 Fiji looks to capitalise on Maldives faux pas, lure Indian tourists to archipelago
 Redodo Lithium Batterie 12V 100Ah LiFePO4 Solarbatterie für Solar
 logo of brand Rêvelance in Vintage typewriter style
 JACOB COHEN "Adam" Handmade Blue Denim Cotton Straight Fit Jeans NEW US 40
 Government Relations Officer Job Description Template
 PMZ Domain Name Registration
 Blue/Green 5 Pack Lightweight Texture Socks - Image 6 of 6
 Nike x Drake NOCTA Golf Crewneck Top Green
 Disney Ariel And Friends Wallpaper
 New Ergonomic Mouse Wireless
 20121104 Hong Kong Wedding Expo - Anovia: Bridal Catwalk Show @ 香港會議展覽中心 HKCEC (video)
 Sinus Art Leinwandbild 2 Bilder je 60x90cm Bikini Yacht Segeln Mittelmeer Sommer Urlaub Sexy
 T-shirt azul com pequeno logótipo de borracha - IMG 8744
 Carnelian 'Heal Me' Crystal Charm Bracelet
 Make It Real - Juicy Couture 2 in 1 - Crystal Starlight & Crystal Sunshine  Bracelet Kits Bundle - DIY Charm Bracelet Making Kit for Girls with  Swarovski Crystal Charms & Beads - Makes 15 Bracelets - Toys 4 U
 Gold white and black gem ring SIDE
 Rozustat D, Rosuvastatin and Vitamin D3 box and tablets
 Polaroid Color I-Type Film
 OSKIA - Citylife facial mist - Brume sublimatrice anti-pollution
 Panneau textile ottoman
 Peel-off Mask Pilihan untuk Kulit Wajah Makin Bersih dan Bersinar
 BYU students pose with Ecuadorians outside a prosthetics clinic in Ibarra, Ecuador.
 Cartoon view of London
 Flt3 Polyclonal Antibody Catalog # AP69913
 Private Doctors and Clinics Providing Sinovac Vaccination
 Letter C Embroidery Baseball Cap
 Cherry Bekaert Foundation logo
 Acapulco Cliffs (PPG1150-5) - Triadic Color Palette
^^^^^^^^^^^^^^^^
EXERCISE AIM
When you come to the line containing "20121104 Hong Kong", give it and stop; before that, repeat each line of the material exactly from the first one.

YOUR RESPONSE
 Fiji looks to capitalise on Maldives faux pas, lure Indian tourists to archipelago
 Redodo Lithium Batterie 12V 100Ah LiFePO4 Solarbatterie für Solar
 logo of brand Rêvelance in Vintage typewriter style
 JACOB COHEN "Adam" Handmade Blue Denim Cotton Straight Fit Jeans NEW US 40
 Government Relations Officer Job Description Template
 PMZ Domain Name Registration
 Blue/Green 5 Pack Lightweight Texture Socks - Image 6 of 6
 Nike x Drake NOCTA Golf Crewneck Top Green
 Disney Ariel And Friends Wallpaper
 New Ergonomic Mouse Wireless
 20121104 Hong Kong Wedding Expo - Anovia: Bridal Catwalk Show @ 香港會議展覽中心 HKCEC (video)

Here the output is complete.